Keep the pictures out. Write out every line of the listing exactly.

## STORED DATA
_ _ _ _
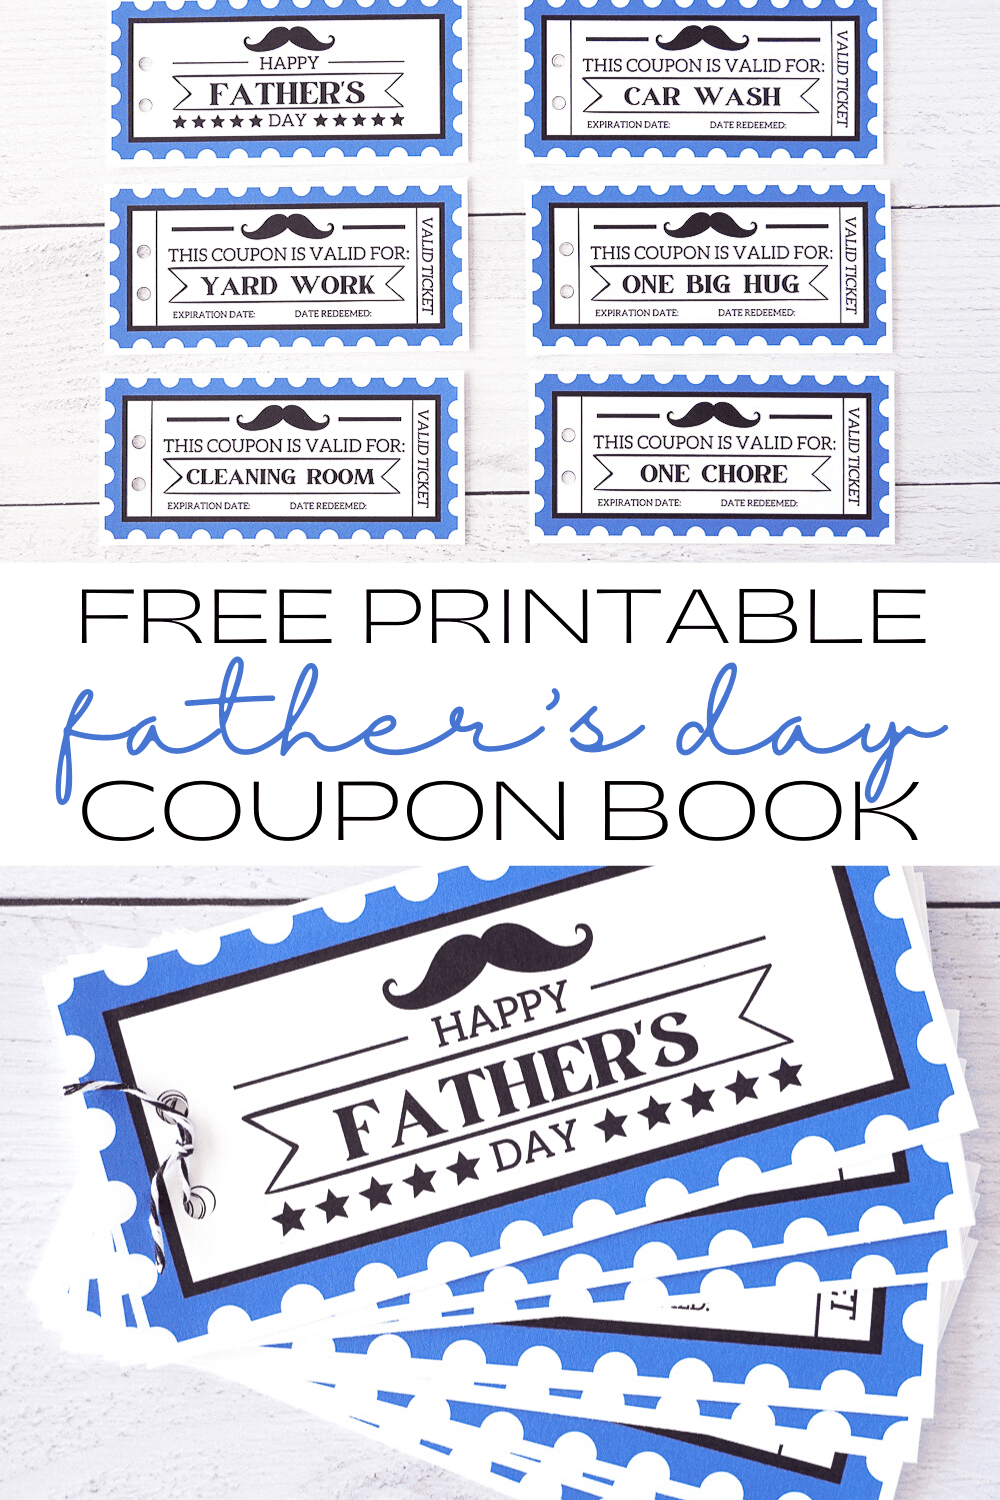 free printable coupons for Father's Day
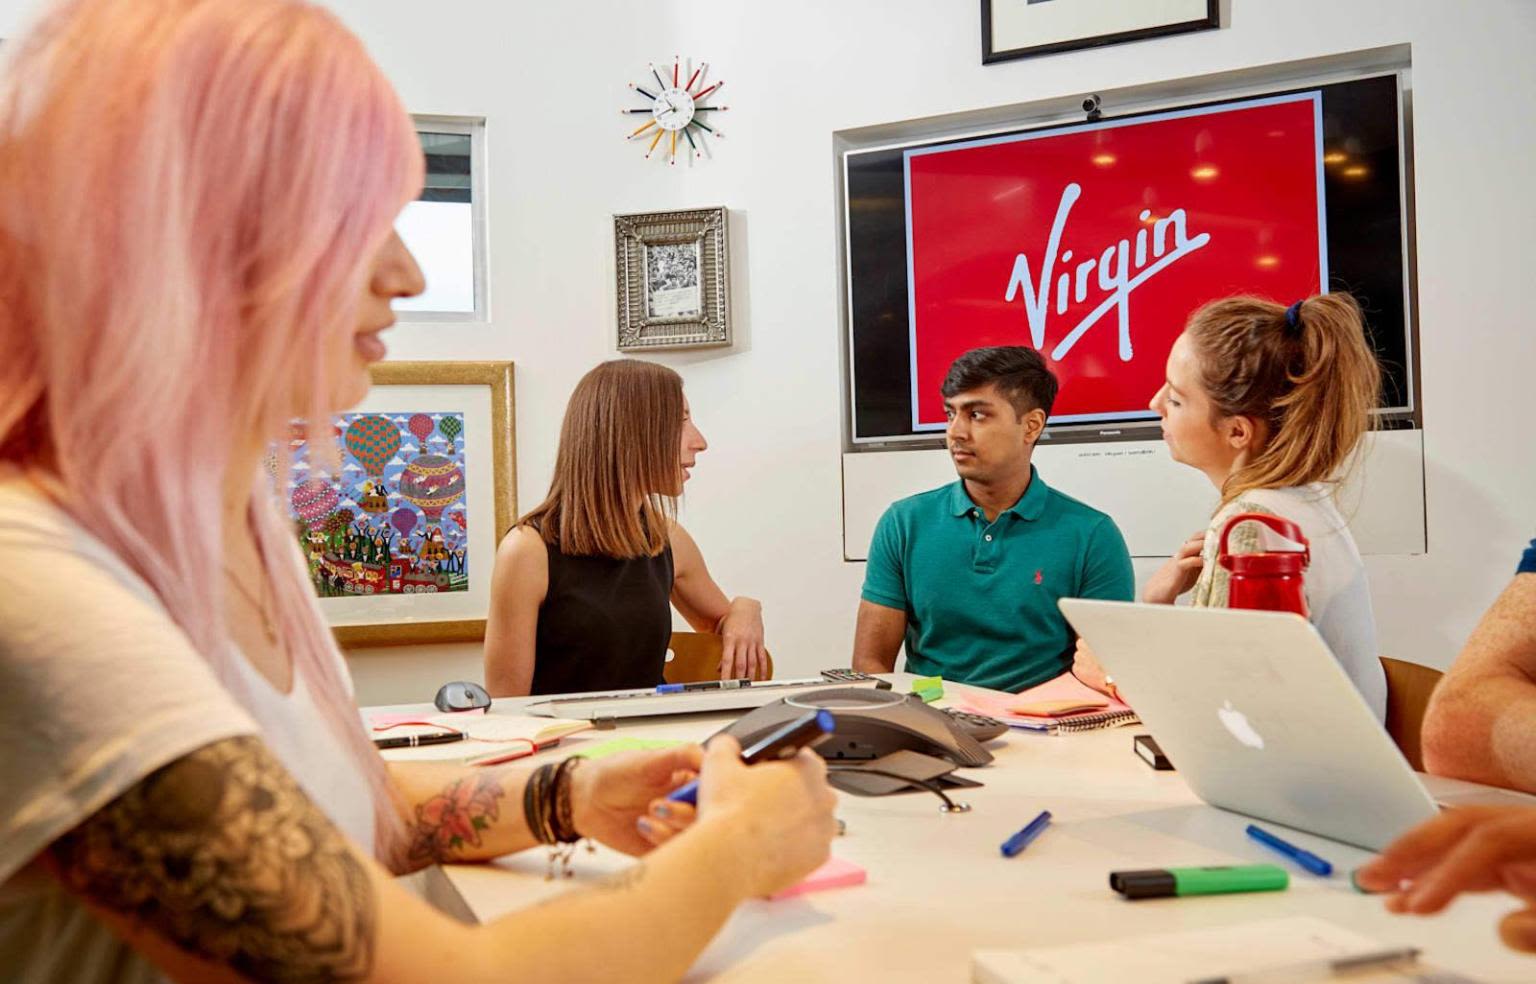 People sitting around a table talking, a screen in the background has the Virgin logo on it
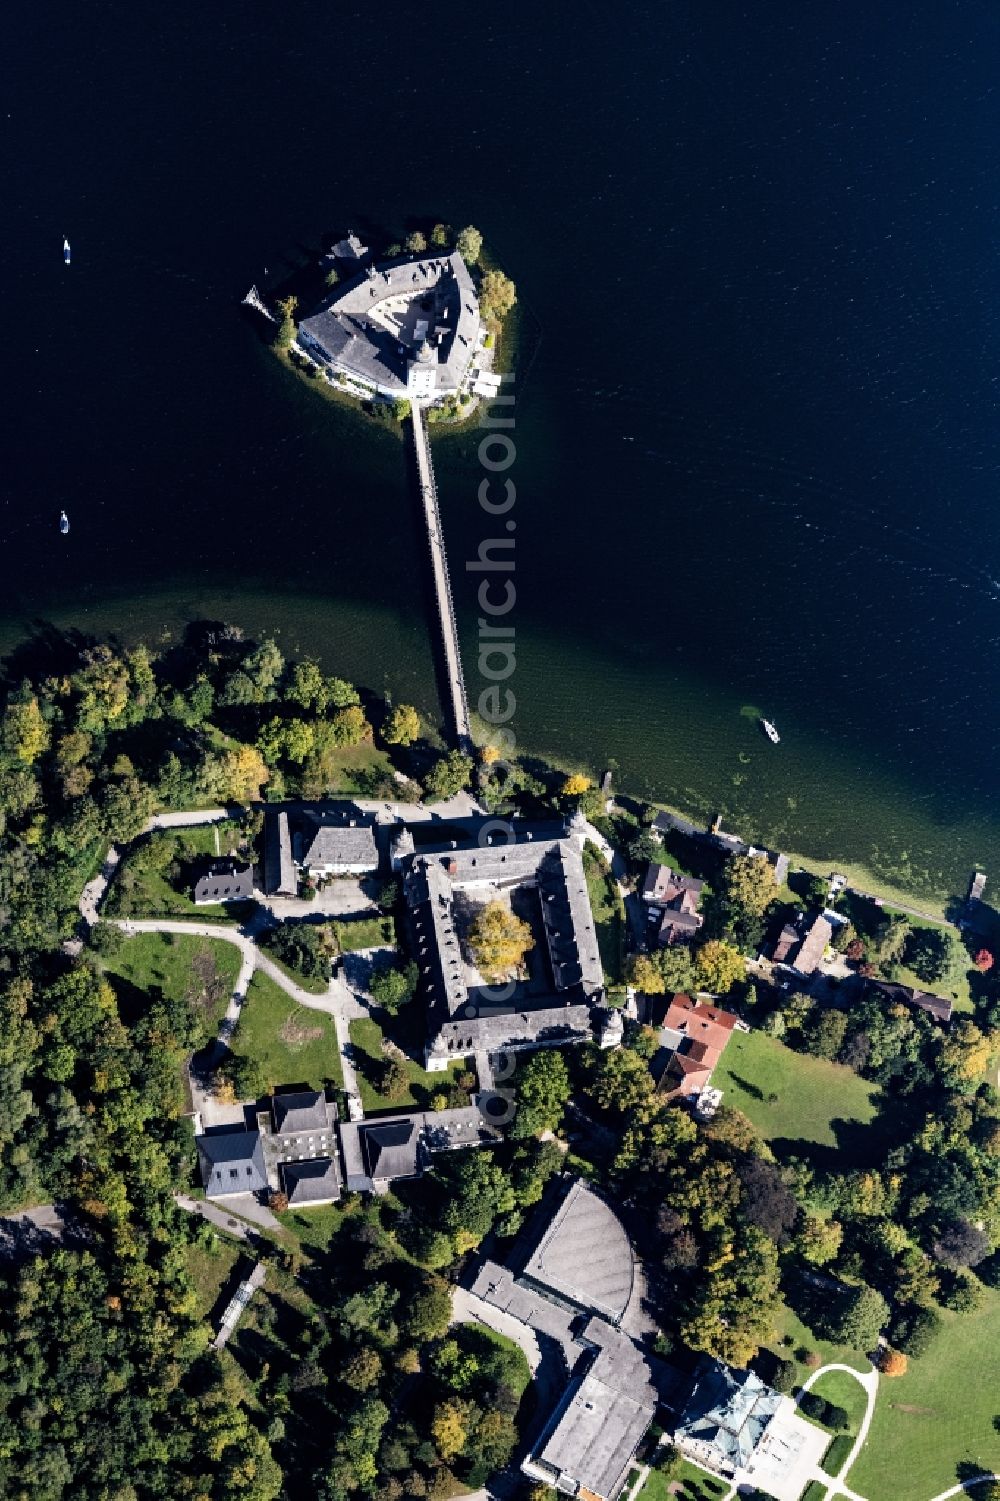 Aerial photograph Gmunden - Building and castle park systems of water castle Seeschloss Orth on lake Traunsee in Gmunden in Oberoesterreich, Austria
_ _ _ _
## EXERCISE SOLUTION
 free printable coupons for Father's Day
 People sitting around a table talking, a screen in the background has the Virgin logo on it
 Aerial photograph Gmunden - Building and castle park systems of water castle Seeschloss Orth on lake Traunsee in Gmunden in Oberoesterreich, Austria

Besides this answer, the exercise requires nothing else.